We are currently seeking assistance in fine-tuning the Mistral model using approximately 48 PDF documents. Specifically, our challenge lies in training the model using peft and preparing the documents for optimal fine-tuning. We are facing difficulties in locating suitable resources for this task, and we are also uncertain about the proper procedures for document preparation, storage, and supply.
If anyone within the community has expertise in this area or can provide guidance on the aforementioned aspects, we would greatly appreciate your assistance. Your insights and recommendations would be invaluable to our project.
I assume you want to extract raw text from the PDFs? In what kind of form you want the data for fine-tuning to be?
Here’s a link to one Jupyter notebook of our pipeline for experiments to fine-tune OpenAI models based on PDFs and bibliographic ground-truth metadata; it uses PyMuPDF for text extraction (imported with the name fitz).
We aim to customize the LLMs for a specific domain by fine-tuning them using approximately 50 books. This process will enhance the model’s understanding of the domain’s nuances and potentially expand its vocabulary. However, my team and I lack knowledge on how to effectively store and process these PDFs for the LLM, as existing online resources primarily discuss instruction fine-tuning and other methods. Any help and guidance will be deeply remembered.
Hello there @imvbhuvan , Were you able to fine tune model using pdf (I assume unstructured data) ? I am also facing similar challenges. I have some pdfs and html website data and lack formatted structure. But the goal is to fine tune the model so it has the ability to understand the domain.
Hi. Im also trying to fine tune mistral on some documents. Actually its text file extracted from 1-5 page pdf which will be context, then some questions on it and another txt file with rather longer structured form of answer on it (csv output). How did you create the dataset?

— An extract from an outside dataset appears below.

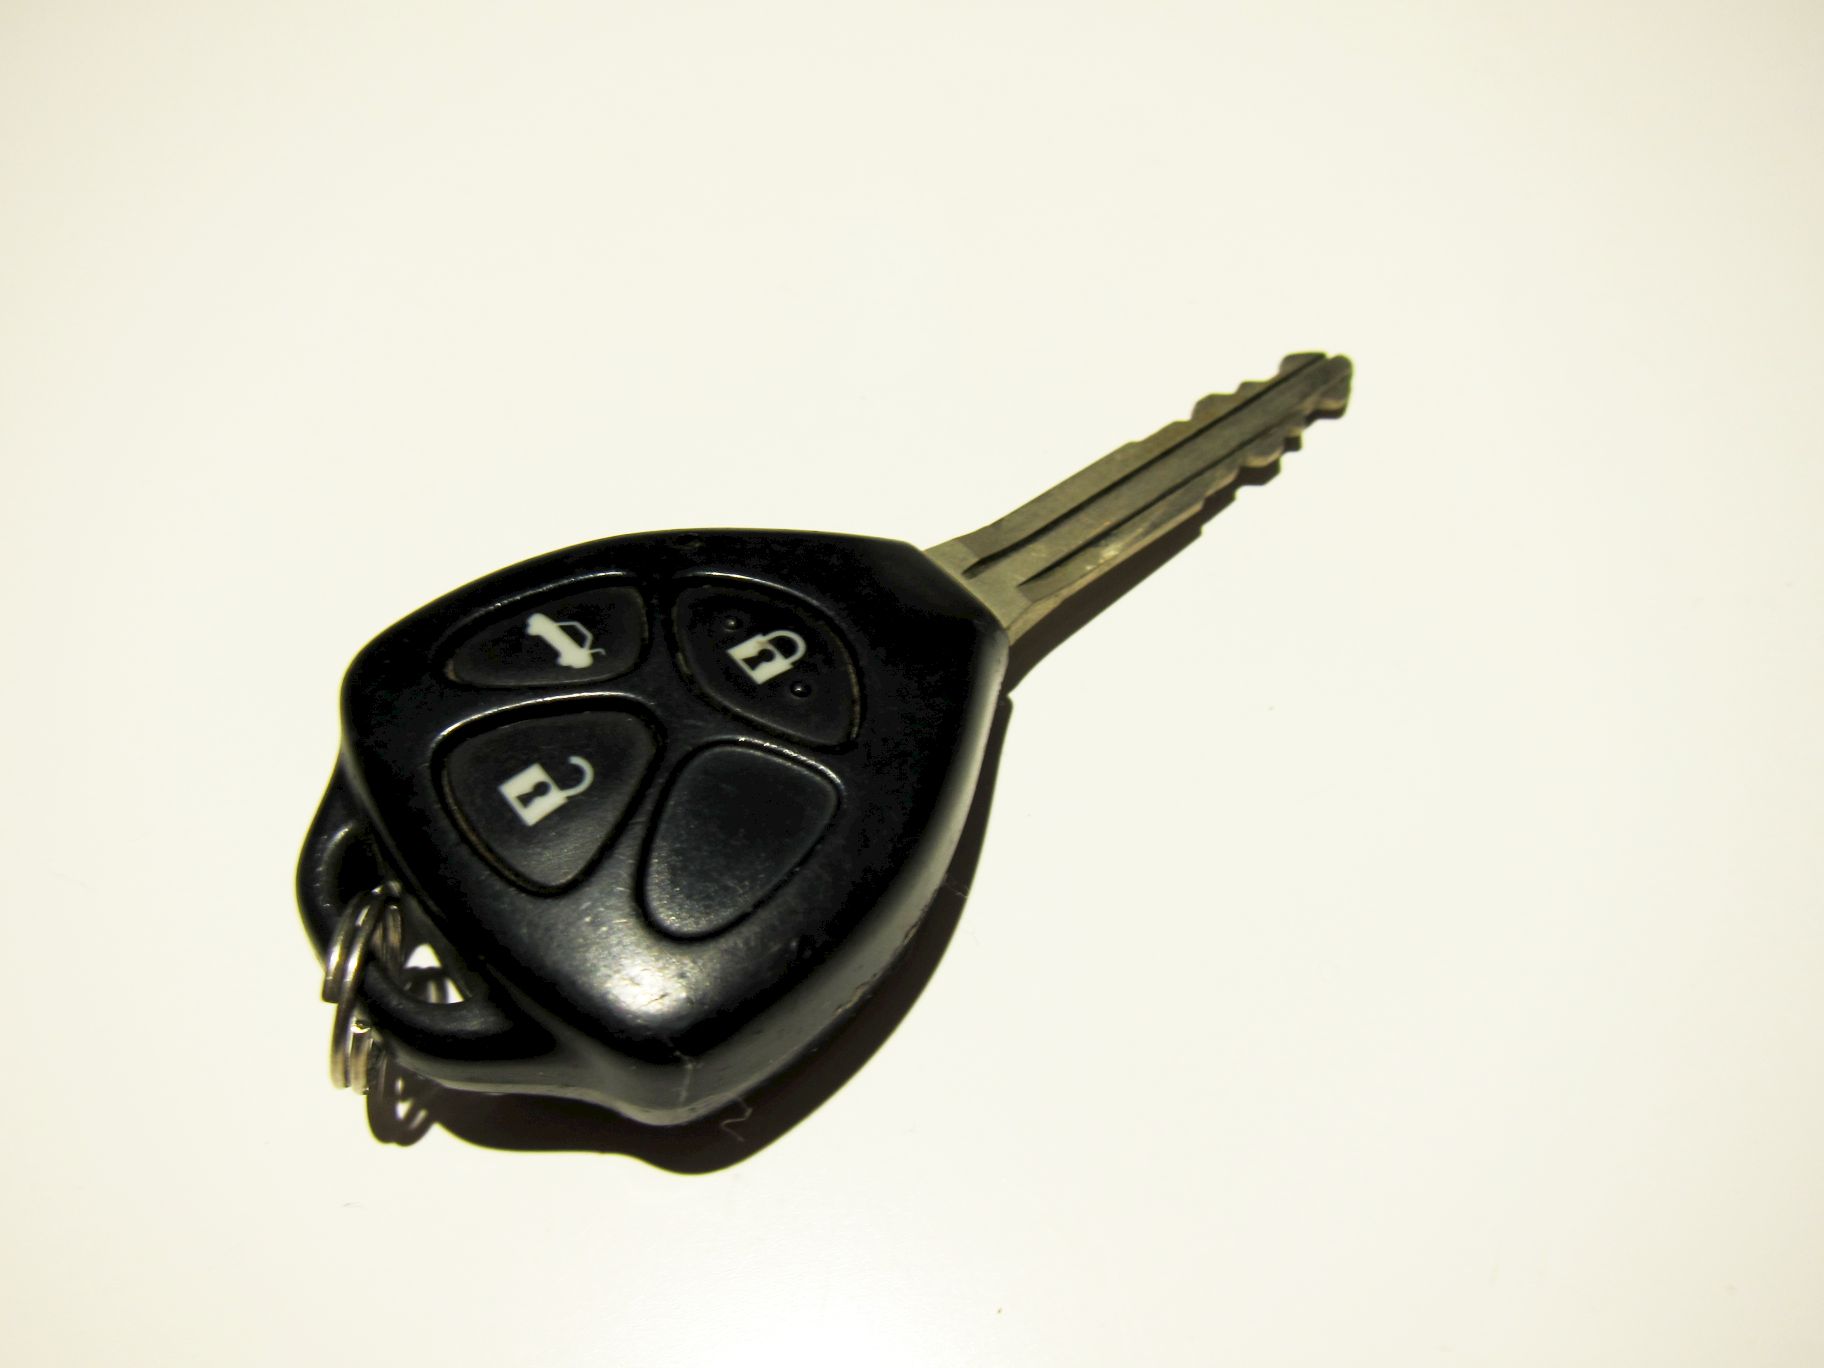 Ключ тойота рав. Ключ Denso 14fdc-01. Выкидной ключ Denso Toyota. Ключ от Тойота Краун с 130. Модель Тойота ключ.

either you fine-tune a vision-language model (like Idefics2, Llava, Llava-NeXT, PaliGemma) to take in the image(s) of the PDF, typically one image per page, + an optional text prompt, and produce a certain desired target. One example could be take in a PDF and produce corresponding JSON, containing desired keys and values from the PDF. Refer to the example notebook regarding fine-tuning PaliGemma or the example notebook regarding fine-tuning Idefics2. The benefit of Idefics2 is that it encodes images very efficiently which means you could easily fine-tune it on PDFs which consists of multiple pages.
Make your own dataset and train on it. Im facing some issues with The excessive replies and stuff. Lit tends to give the reply in duplicates . But with greater dataset we can ensure improved performance. Convert all data in text using -layout option in pdf2text and then fine tune it using autotrain.
In general, when you talk about PDF to JSON, in the notebook we find image to JSON (it’s like converting multiple PDFs to a single image).
But in my case, I have a PDF with multiple pages. The PDF is divided into paragraphs, each with its own properties. The problem is that if I convert the PDF into a single image, it risks losing information since a paragraph might span two images.
My goal is to convert the entire PDF into one JSON file.
So, I wonder if it is possible to divide a PDF into multiple images that will be given as input, and the output will be a single JSON file. If yes, how?
Hi Bhuvan were able to succeed and perform well inferences on the same task. I am also researching for the same did not find a great way out as of yet. Can you help me in the same.